• **Provided material**:
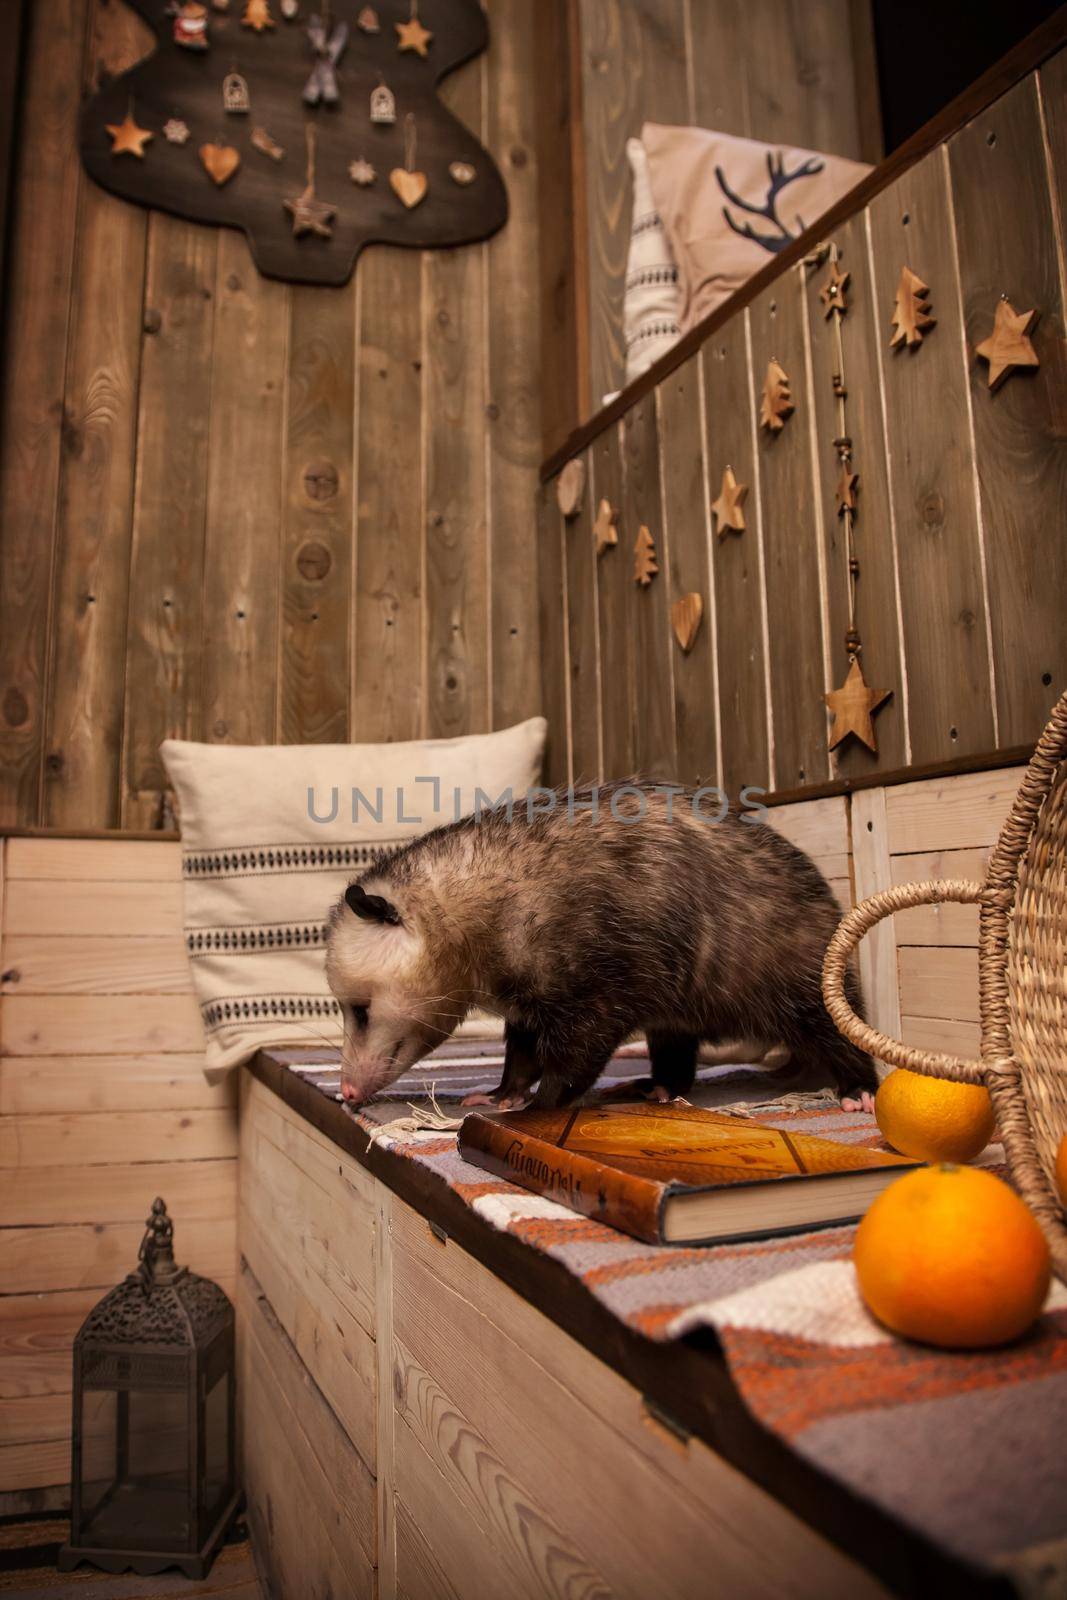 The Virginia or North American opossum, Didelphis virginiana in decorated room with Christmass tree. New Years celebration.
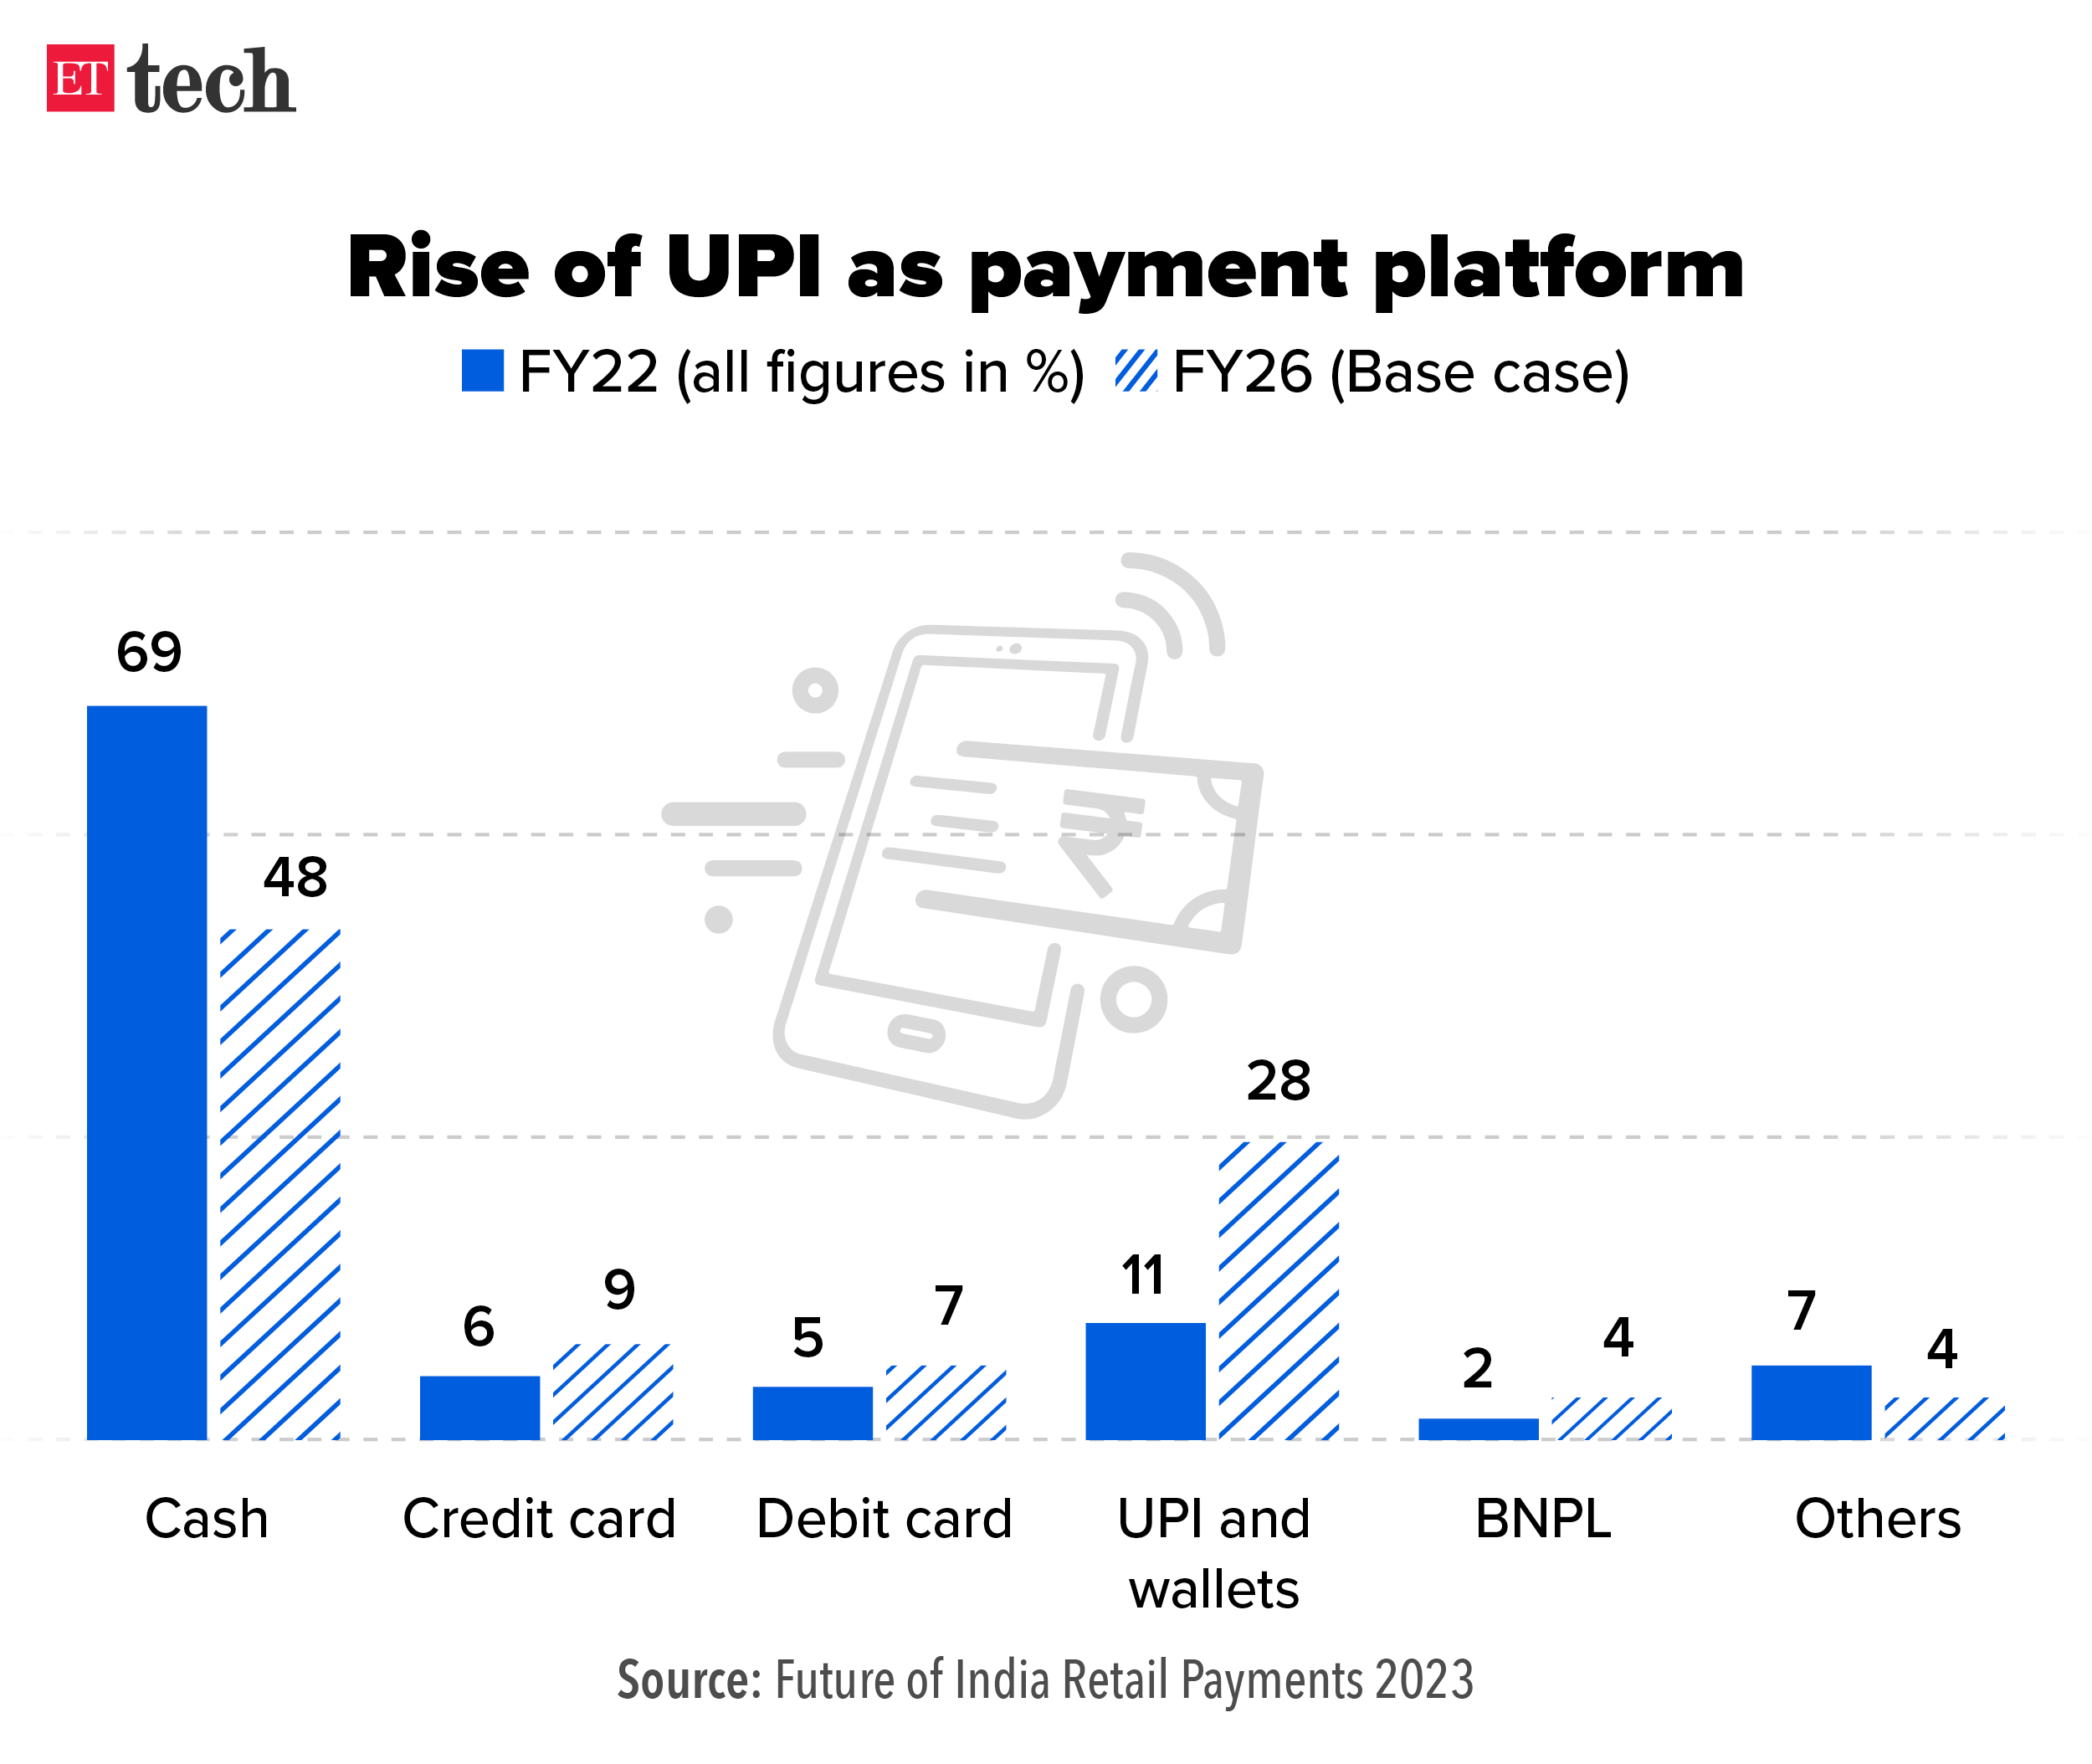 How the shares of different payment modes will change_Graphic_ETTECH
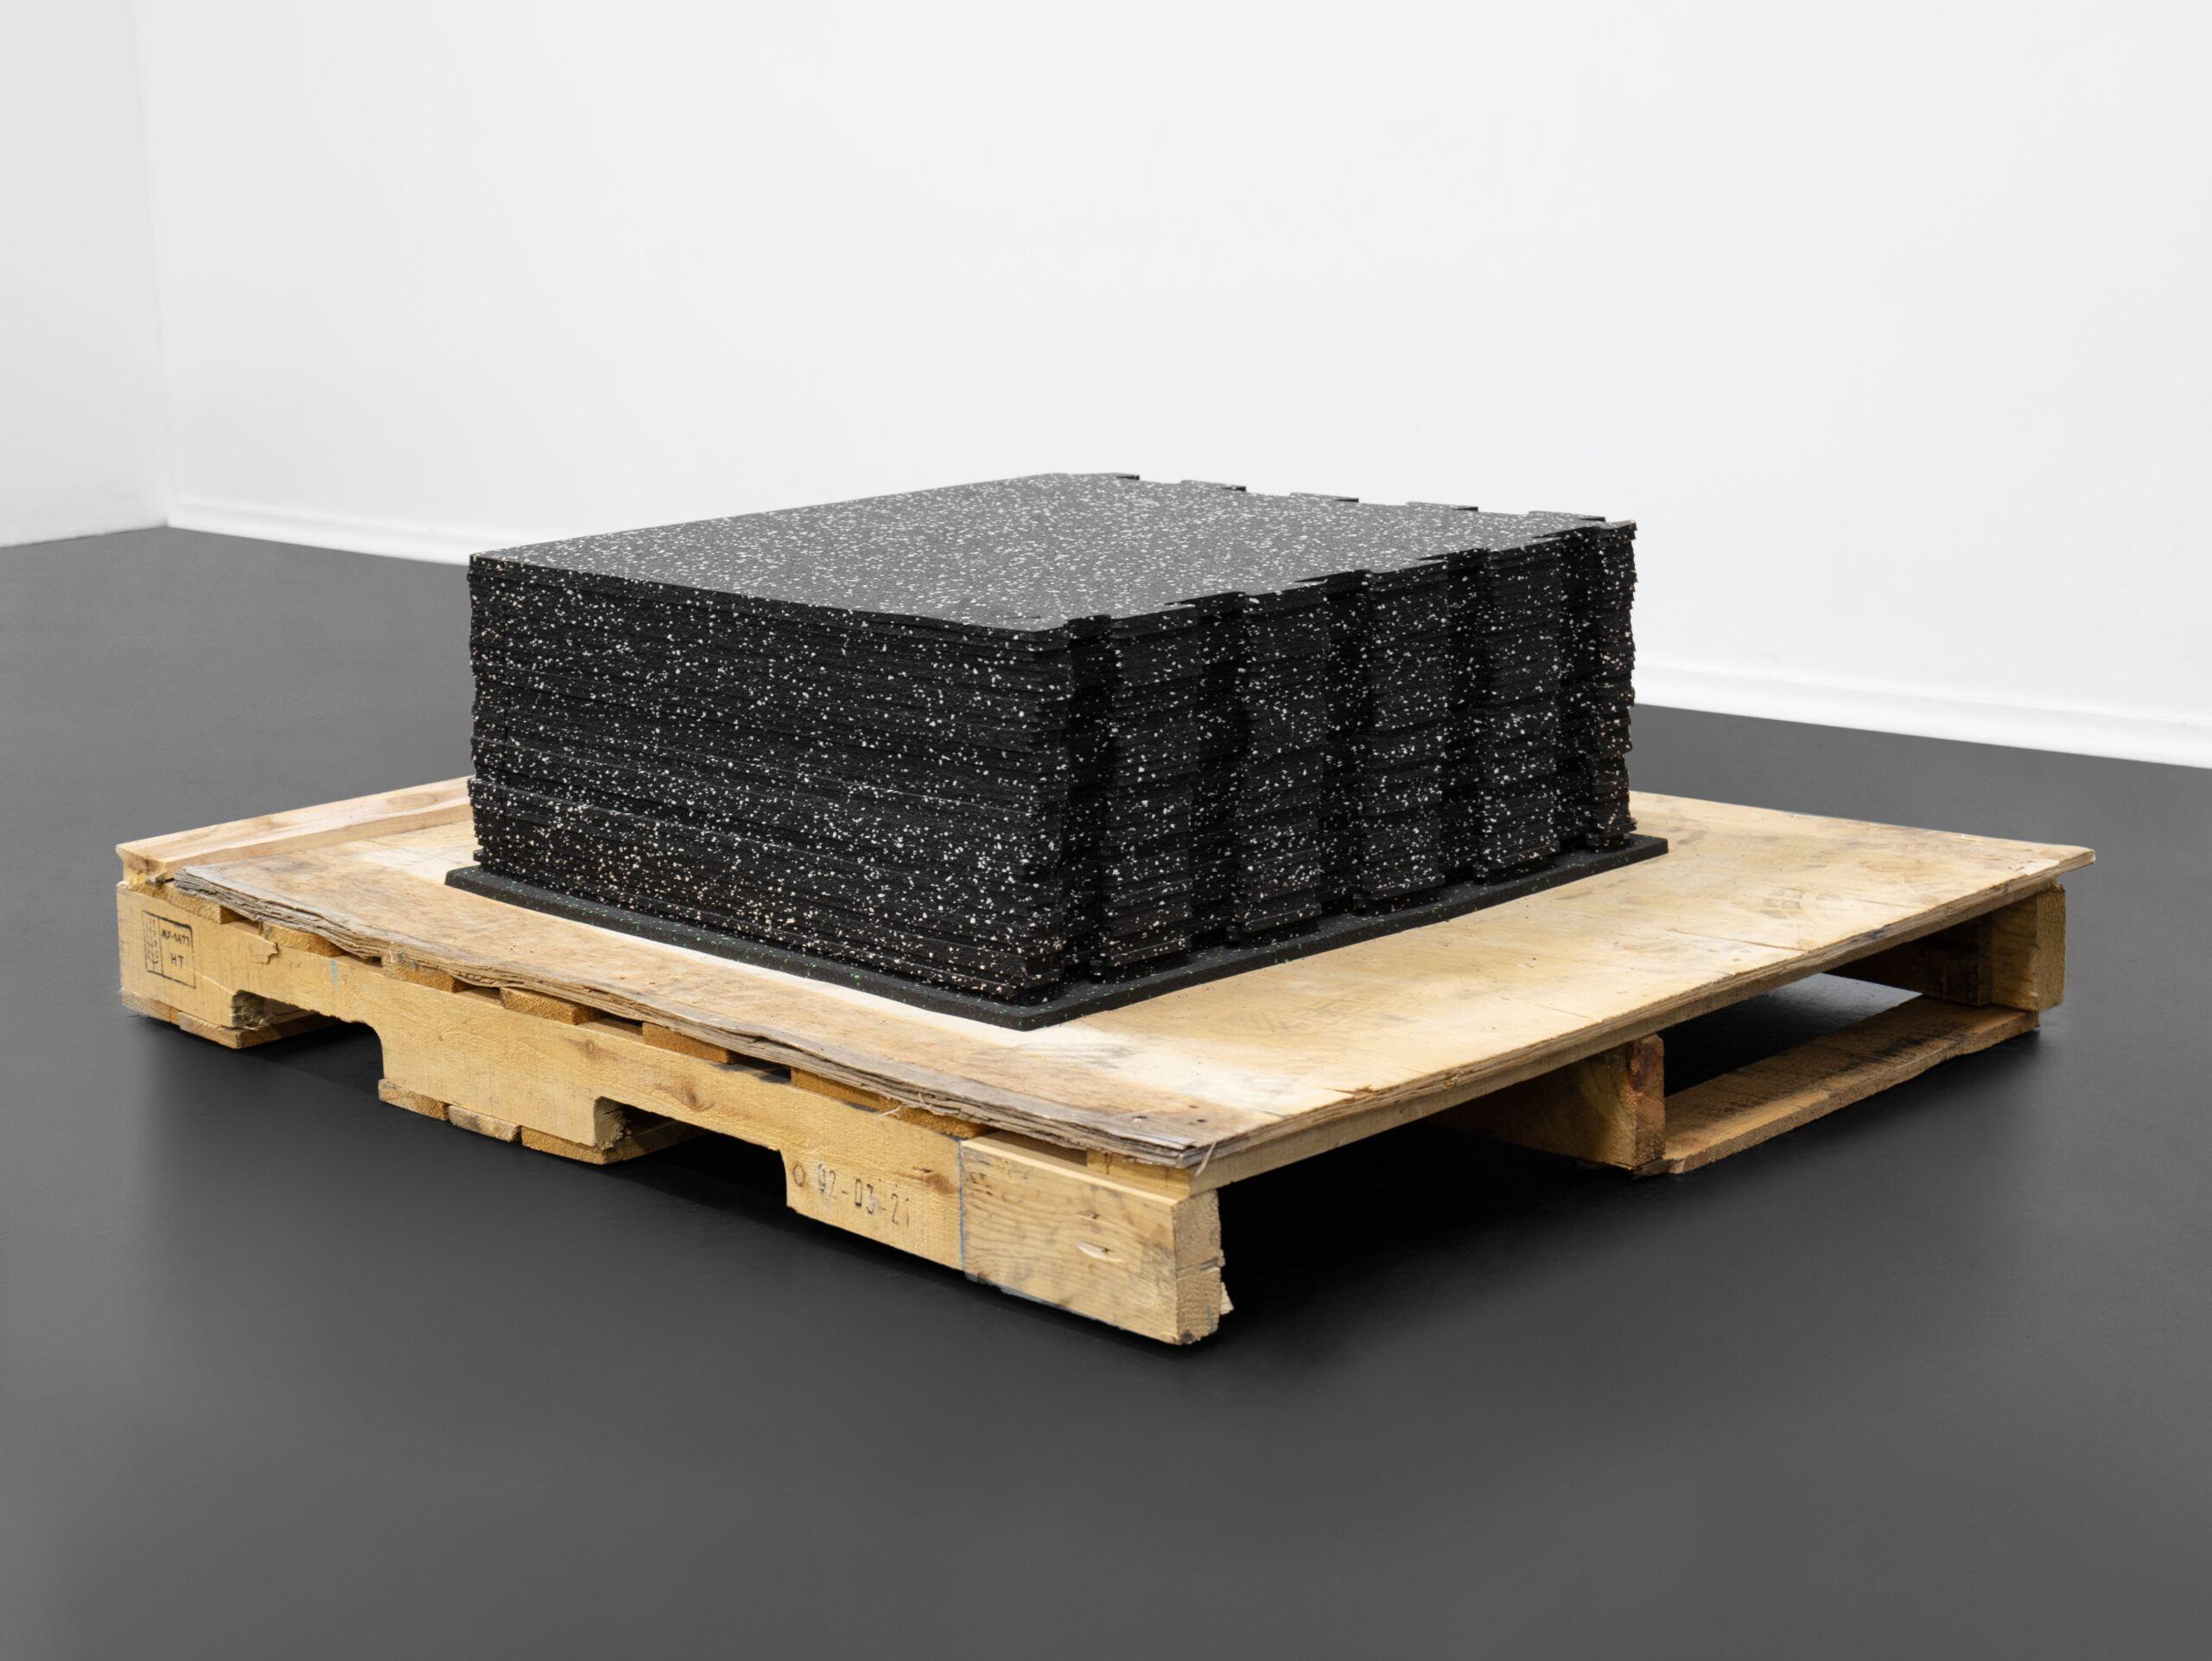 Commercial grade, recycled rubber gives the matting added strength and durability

• **Try it**:
Here the lines from the one with "How the shares" through the last line of the data above need to be repeated exactly, both included, and any picture omitted.

• **Your response**:
 How the shares of different payment modes will change_Graphic_ETTECH
 Commercial grade, recycled rubber gives the matting added strength and durability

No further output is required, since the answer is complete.